# What the task requires
Set down precisely the lines from the line with "Eye Candy Mica" through the end of the material, inclusive, and no pictures.

——————————

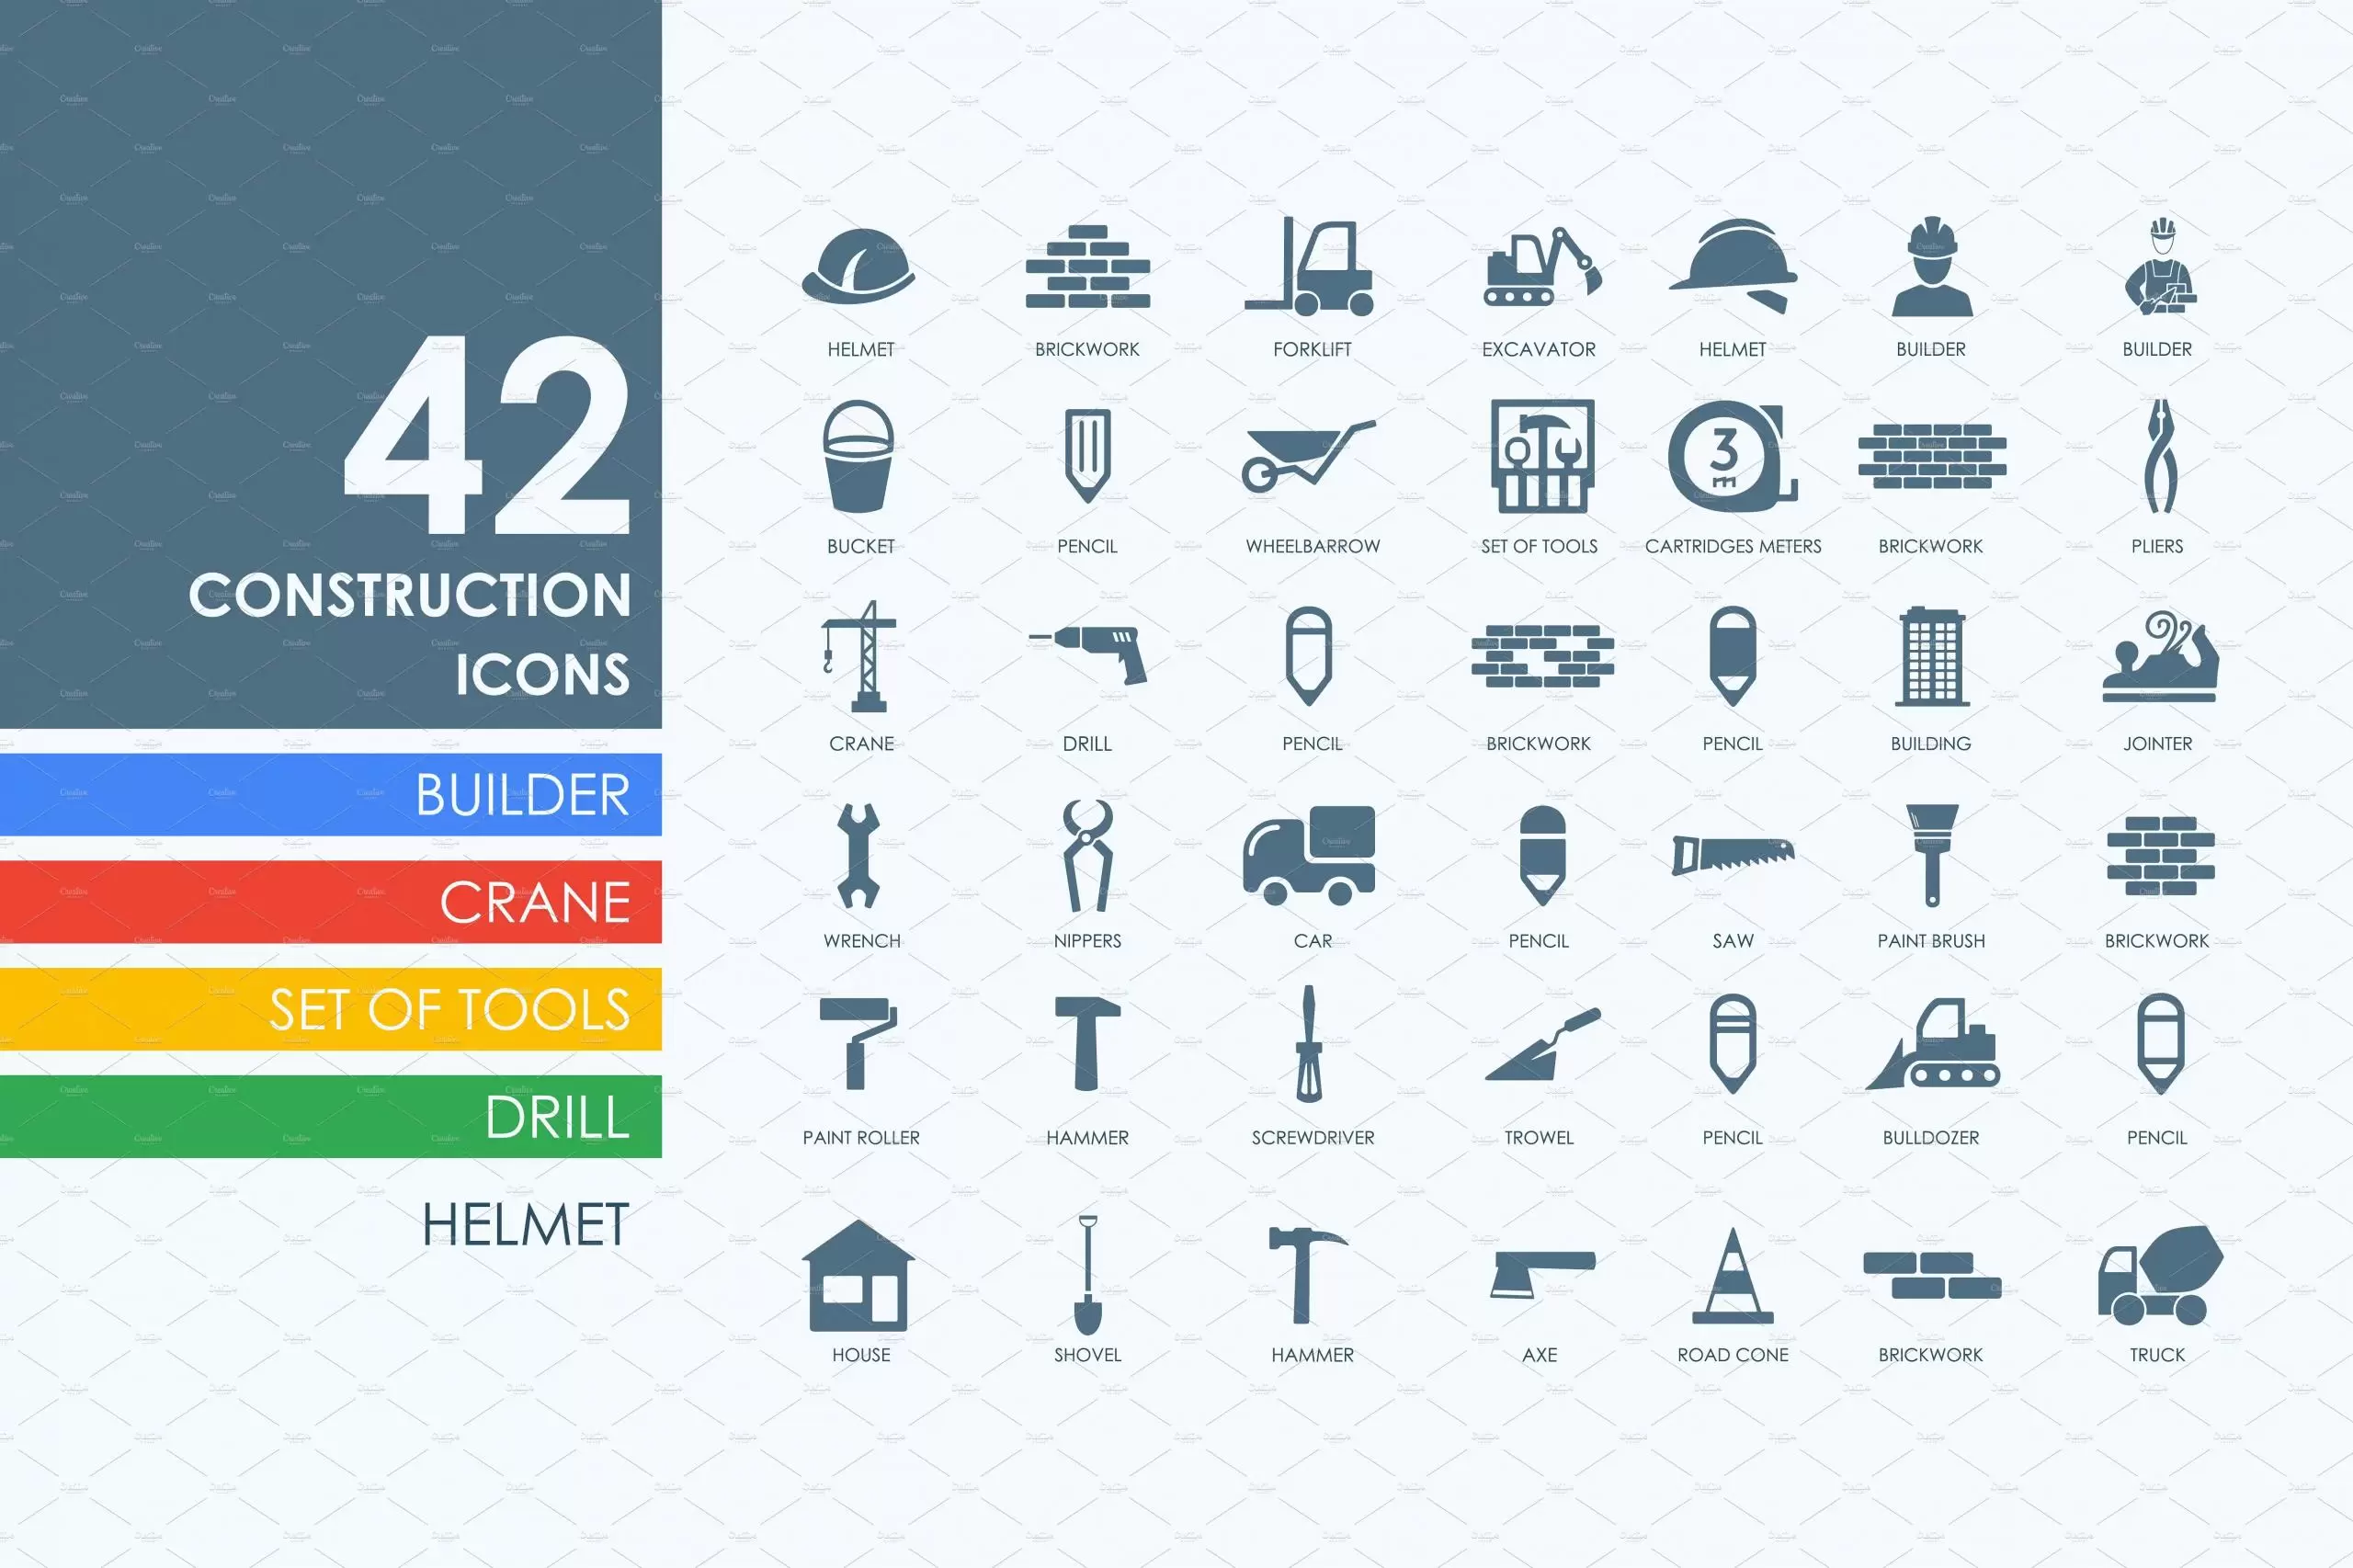 建设图标素材 42 construction icons插图
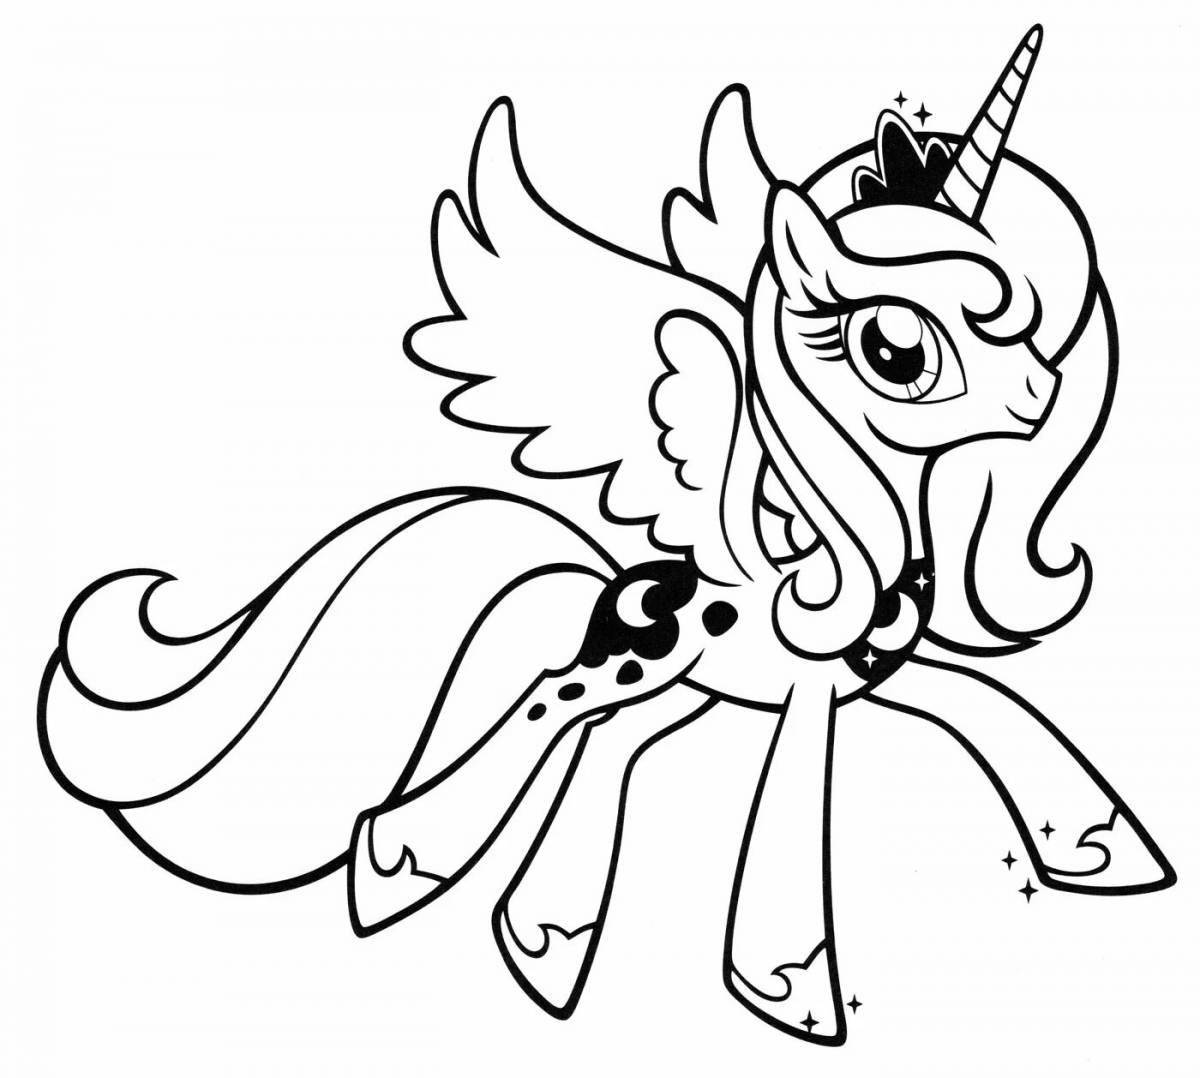 Princess cadence's shining pony coloring book
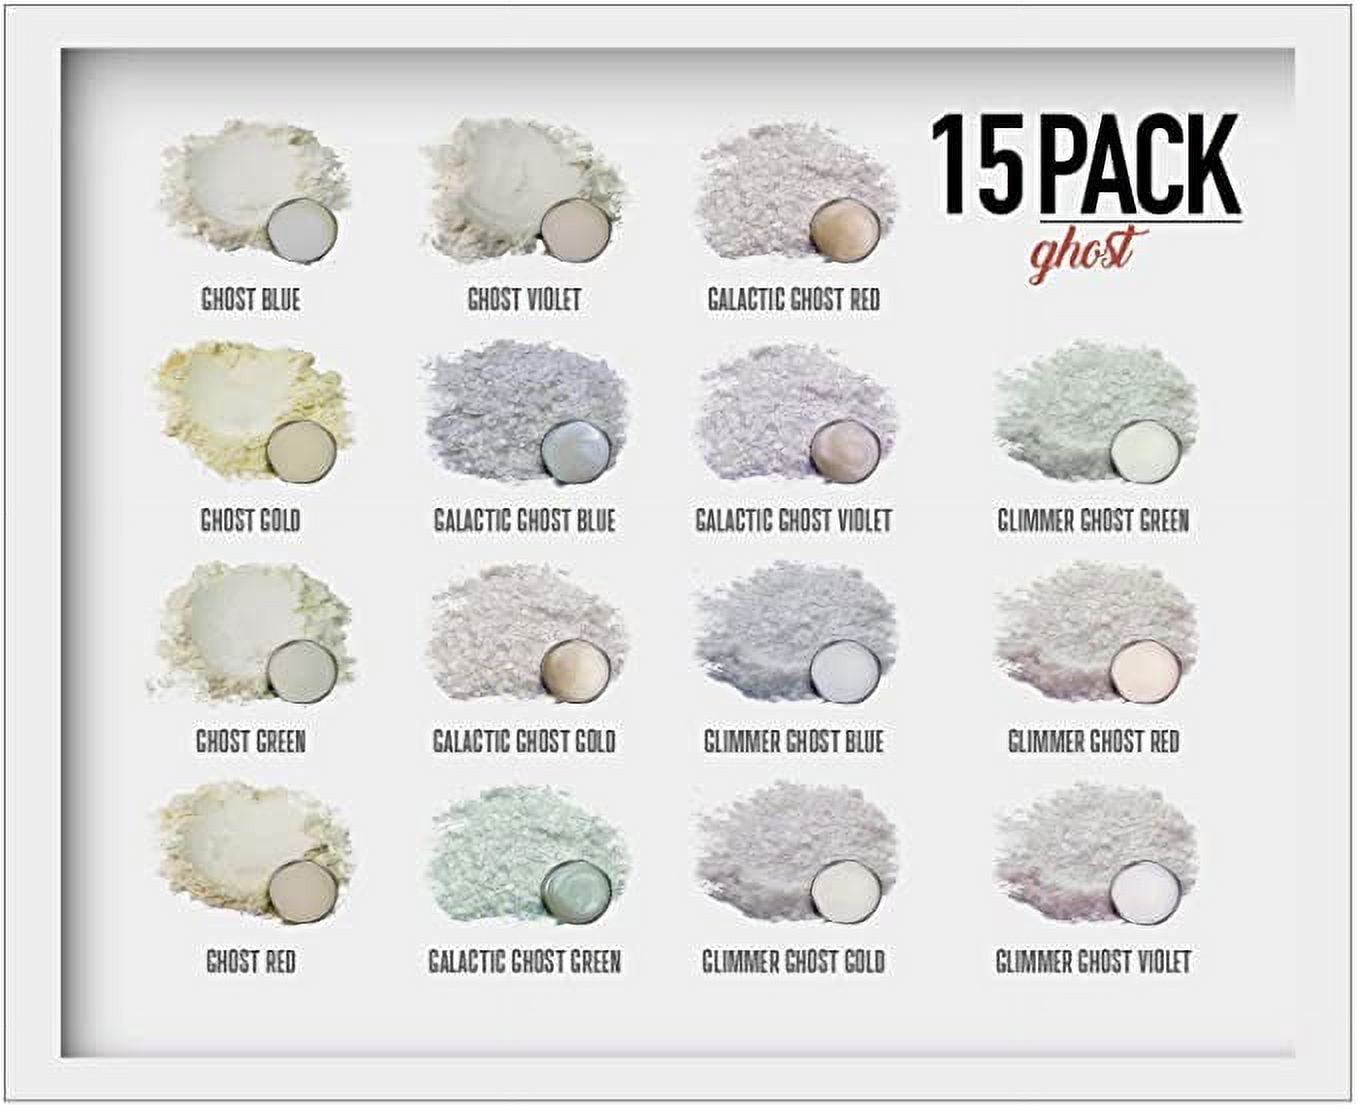 Eye Candy Mica Powder - Pigment Powder 10-Pack Set E - Colorant
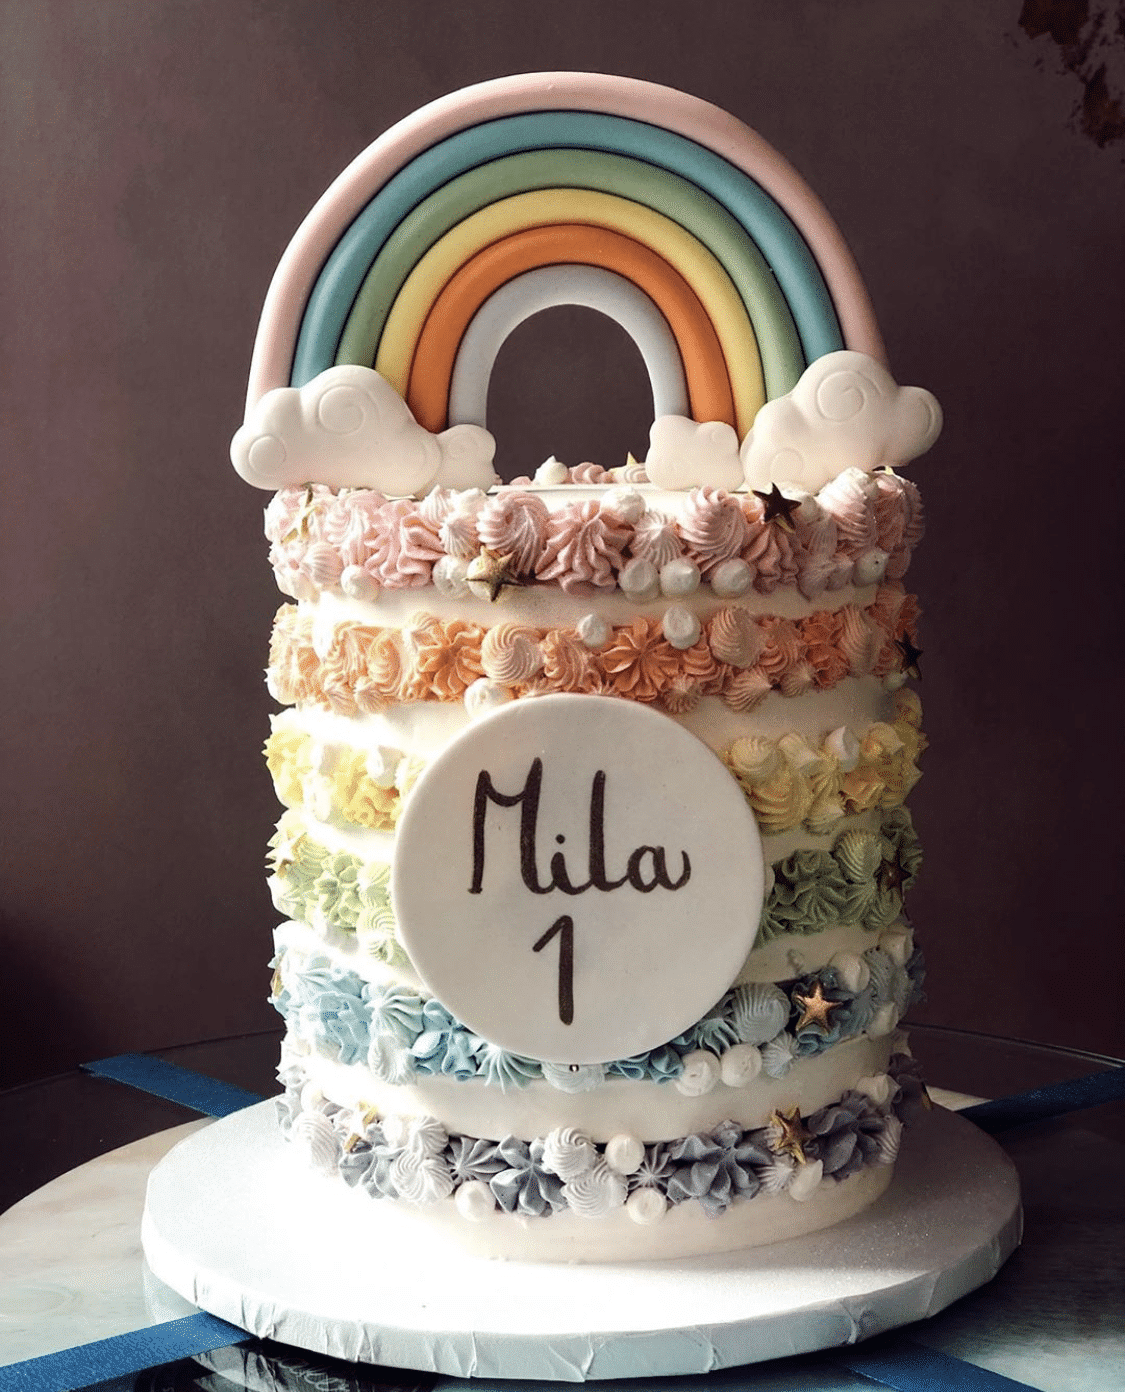 DBakers Miami, Florida amazing special occasion birthday cake rainbow cake
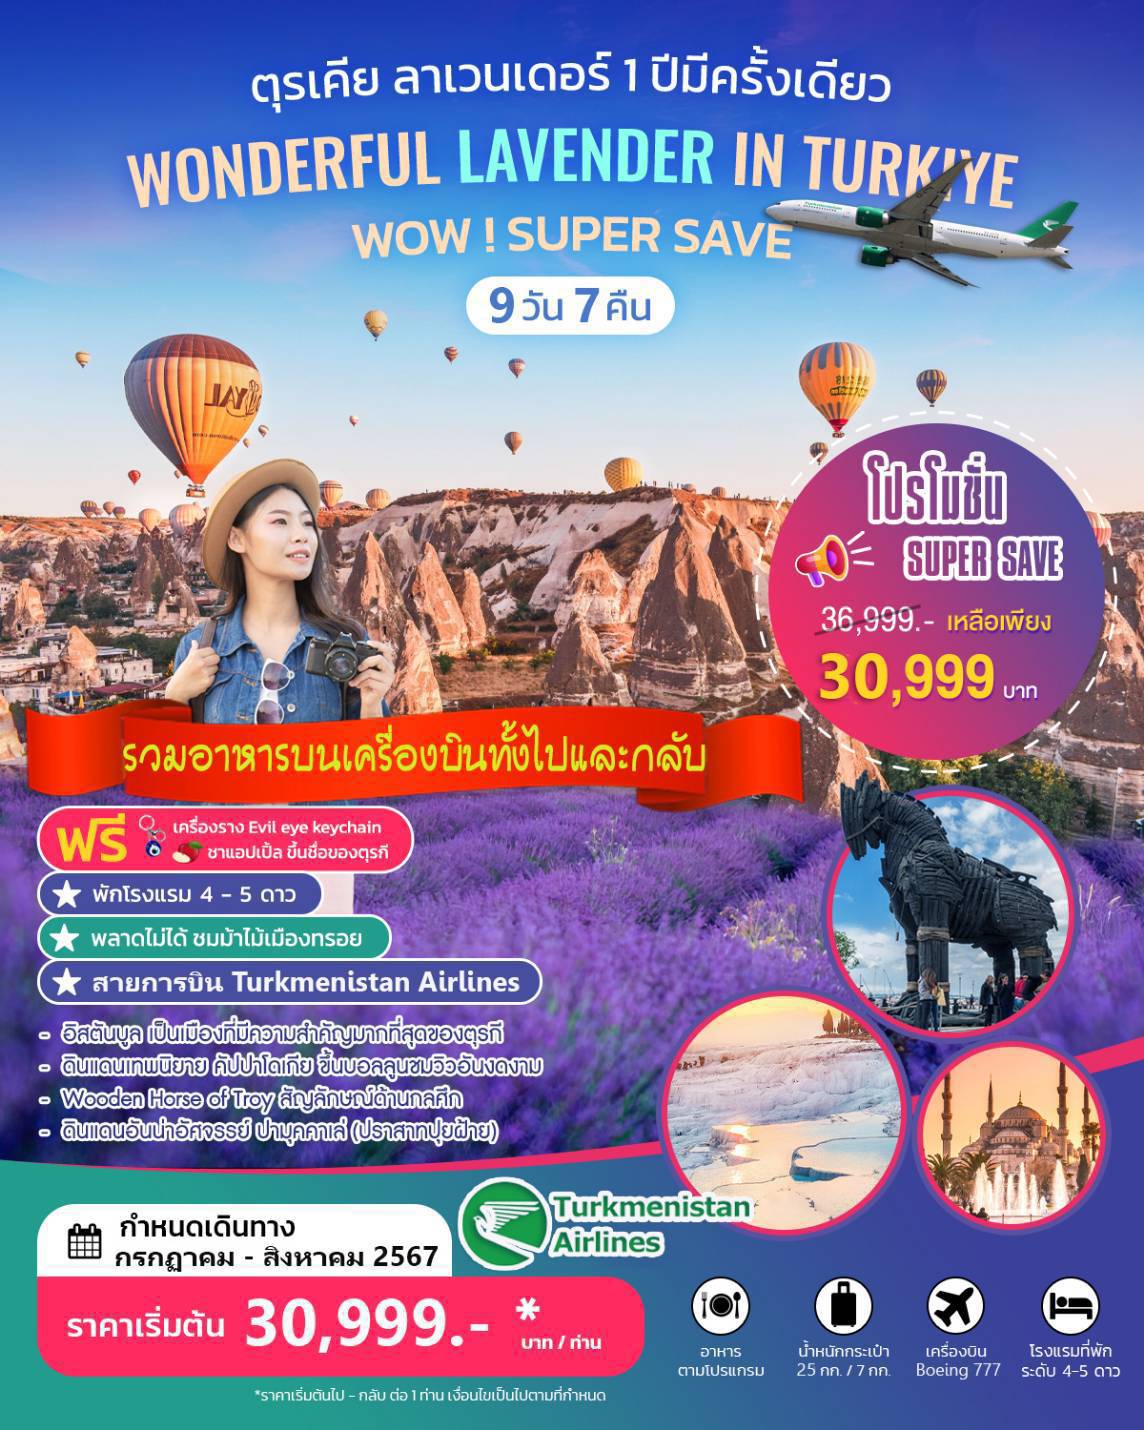 WONDERFUL LAVENDER IN TURKIYE 9D7N

——————————

# Solution
 Eye Candy Mica Powder - Pigment Powder 10-Pack Set E - Colorant
 DBakers Miami, Florida amazing special occasion birthday cake rainbow cake
 WONDERFUL LAVENDER IN TURKIYE 9D7N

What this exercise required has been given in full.